Мистер Паррет сидел за чаем.
— Войдите, — сказал он, услышав стук в дверь. — А, вот это кто!.. Я вас встретил на реке сегодня после обеда. Все, кроме одного, из моего отделения, как я вижу.
— Да, сударь, все, кроме меня, из вашего отделения, — повторил Тельсон, спеша скорее высказать то, что он решился сказать учителю. — Это моя вина, что так случилось: я вышиб у вас весло и…
— Нет, вина моя: я правил рулем, — перебил его Парсон.
Учитель едва удерживался от улыбки, глядя на серьезные, умоляющие лица маленьких преступников.
— Быть может, это моя вина, что я не обернулся вовремя и наткнулся на вас? — спросил он.
— Нет, сударь. Если бы вы и обернулись, это ничему бы не помогло: мы опрокинули вашу лодку нарочно, — отвечал добросовестный Тельсон.
— Как нарочно? — переспросил учитель, сомневаясь, хорошо ли он расслышал.
— То есть мы не знали, что это вы, — поспешил поправить товарища Парсон. — Мы думали, что это кто-нибудь из отделения директора. Мы не сделали бы этого, если бы думали, что это вы…
— Это правда, сударь, мы бы этого не сделали, — раздался дружный хор.
— За кого же вы меня приняли?
— За воспитанника из отделения директора.
— За кого именно?
— Ни за кого в особенности — вообще за кого-нибудь из директорских.
— Гм!.. Любопытно, за что вы так рассердились на отделение директора? Что оно вам сделало? — спросил заинтересованный учитель, откидываясь на спинку стула и отодвигая от себя чашку.
Вопрос затруднительный, однако отвечать было надо. Парсон покраснел и сказал не совсем твердо:
— Отделение директора… там все такие дрянные мальчишки, сударь.

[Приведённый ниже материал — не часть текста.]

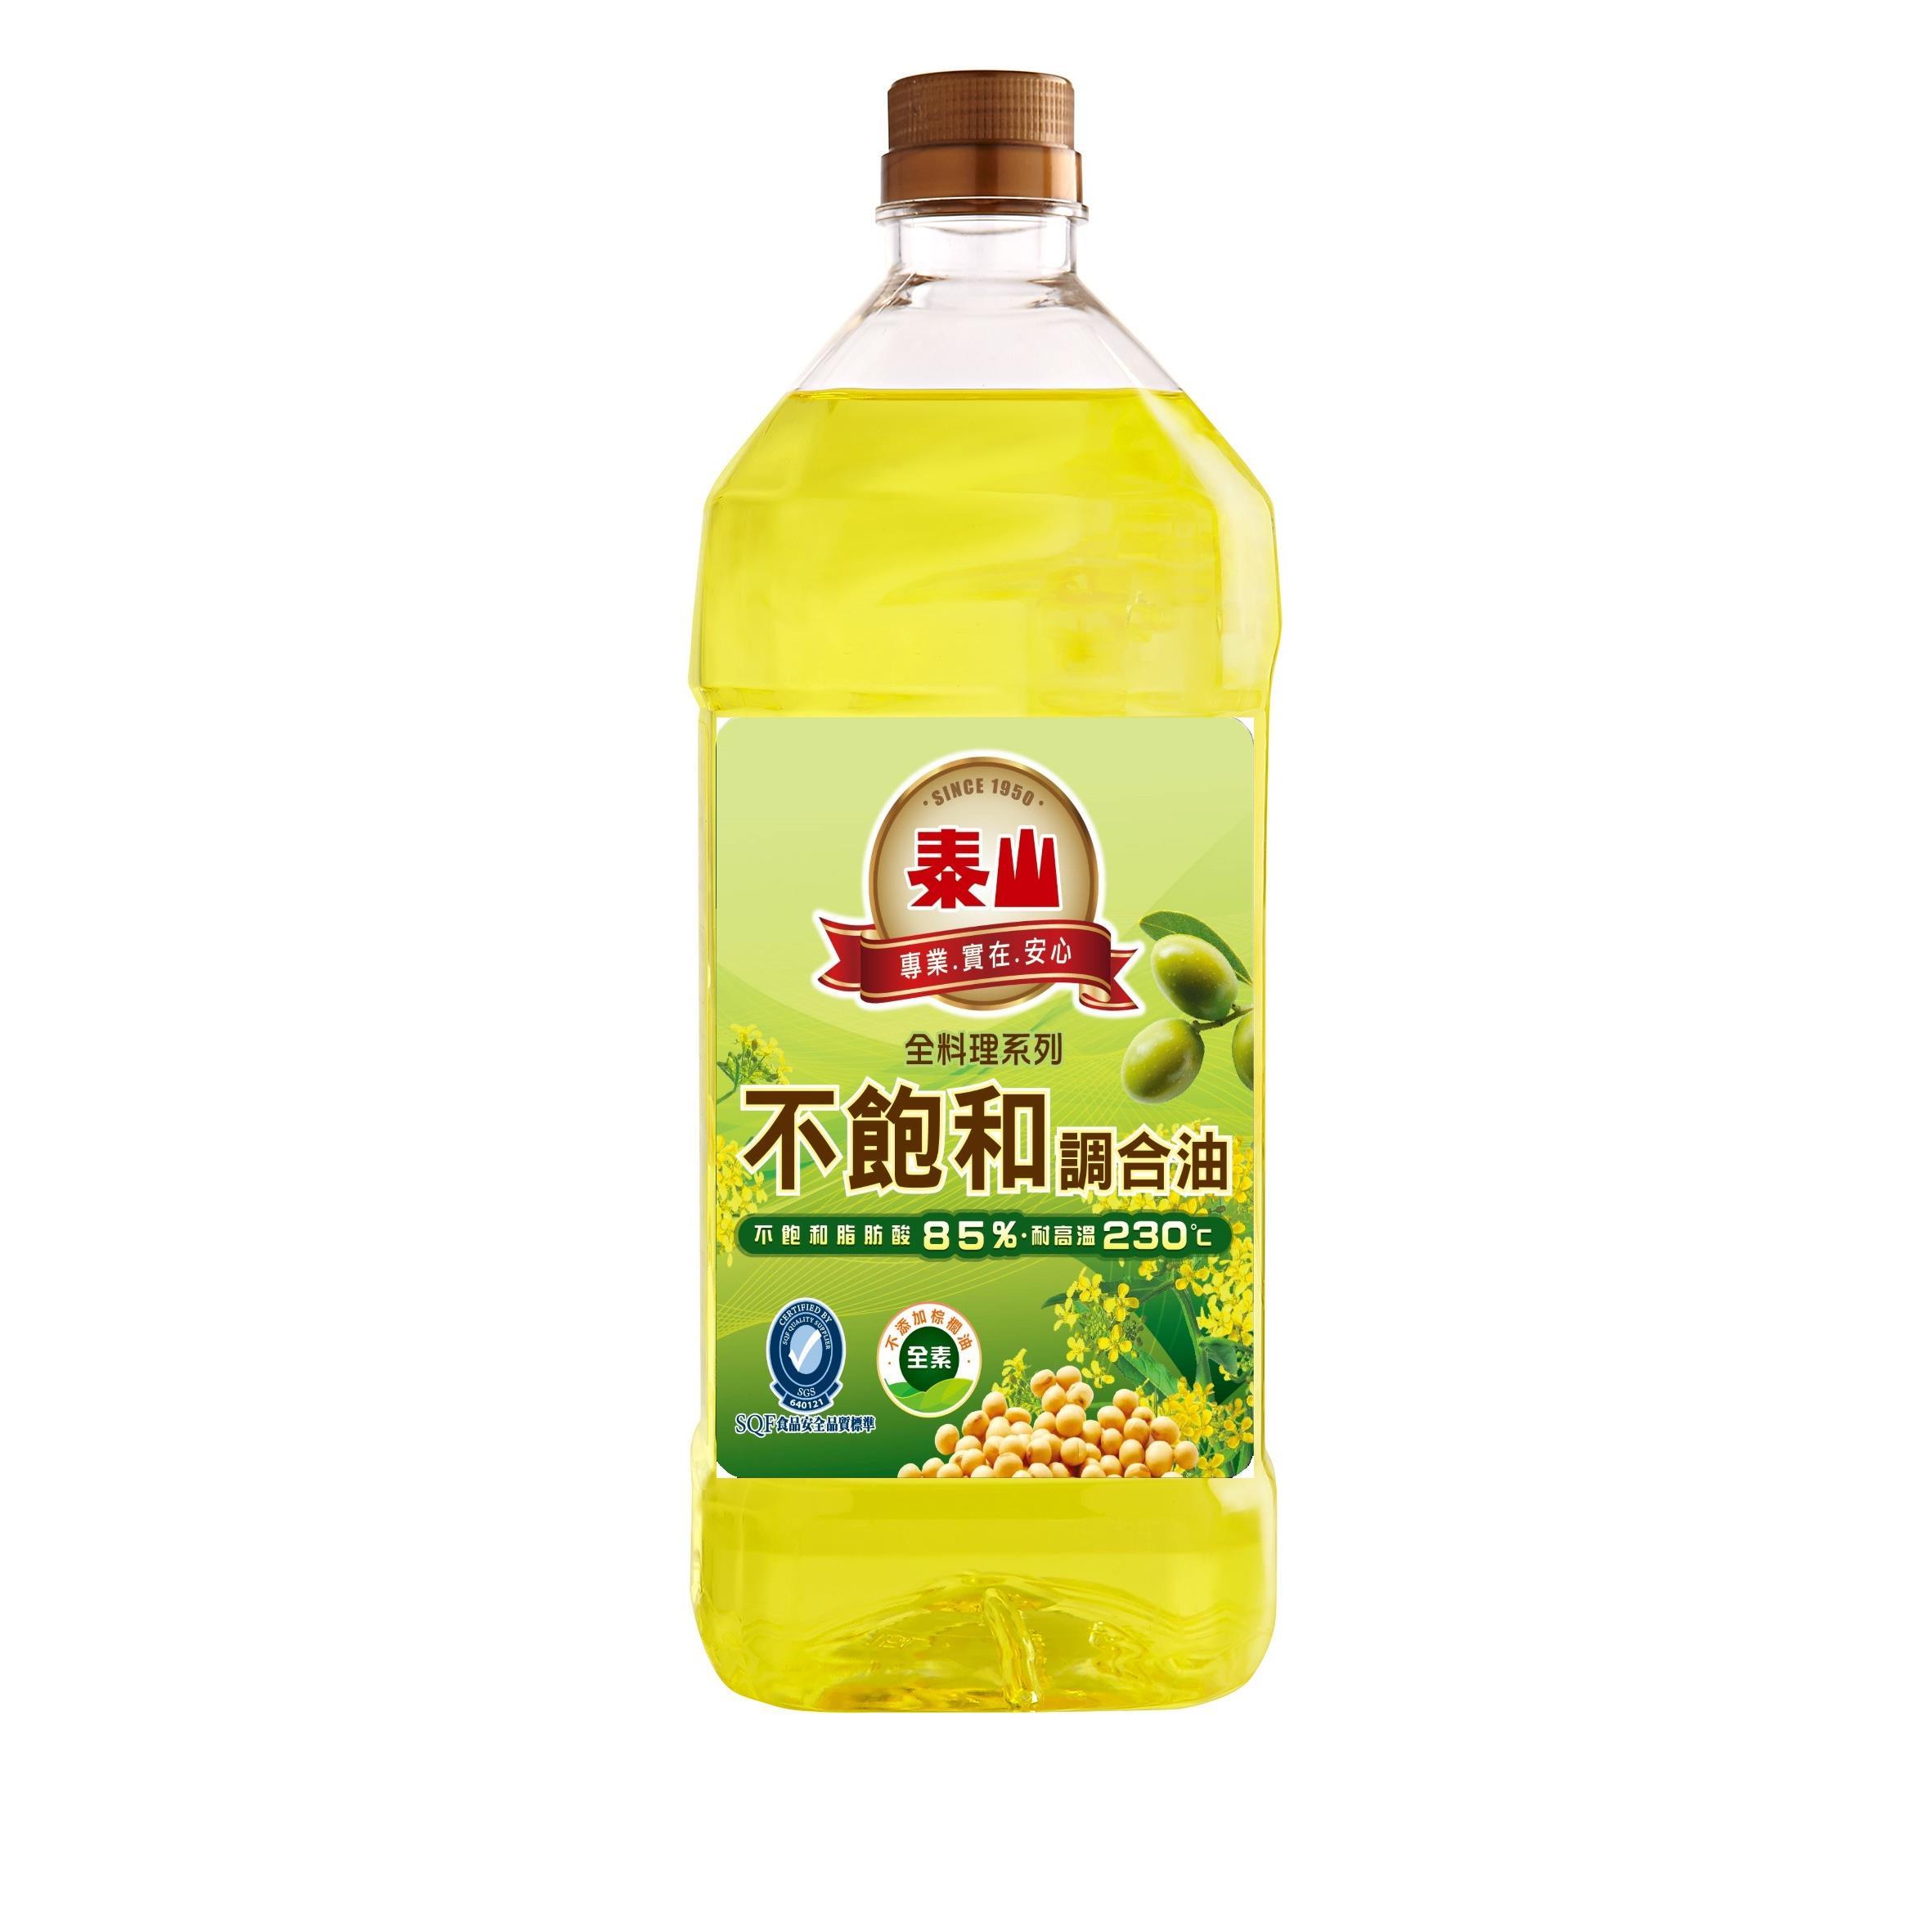 【泰山】不飽和調合油1.5L

Тут Тельсон больно ущипнул своего друга. Тот принял предостережение и поспешил поправиться:
— То есть не то что дрянные, а только они нас не любят… и мы их не любим.
— Почему же вы думаете, что они должны любить вас? — спросил учитель.
Мальчики стали в тупик. Они ни разу не задавали себе этого вопроса и, не имея готового ответа, молчали.
— Выслушайте меня, — сказал мистер Паррет. — Я недоволен вами и накажу вас. Я сержусь на вас не за то, что вы меня опрокинули. Вы говорите, что сделали это по ошибке, и я вам верю. Я накажу вас и не за то, что вы опоздали к перекличке, — это дело старшины. Я накажу вас за то, что вы ссоритесь с товарищами. Мальчики, которые сами всем надоедают, а потом жалуются, что их не любят, не могут быть терпимы в порядочной школе. Счастье еще, что ваша глупая выходка кончилась так благополучно, — могло выйти гораздо хуже. Вот вам наказание: всю следующую неделю я вам запрещаю кататься по реке, а до конца учебного года вы будете ходить на реку только с разрешения старшины или с кем-нибудь из старших. Можете идти!
Мальчики повернулись было к двери, как вдруг учитель прибавил:
— Тельсон, Парсон и Лаукинс, останьтесь на минуту.
Три мальчика стали у стола, недоумевая, что им еще скажут. Учитель обернулся к ним с каким-то новым выражением в лице и спросил другим, «добрым», как подумал Парсон, голосом:
— Если не ошибаюсь, это вы трое бросились за мною в воду?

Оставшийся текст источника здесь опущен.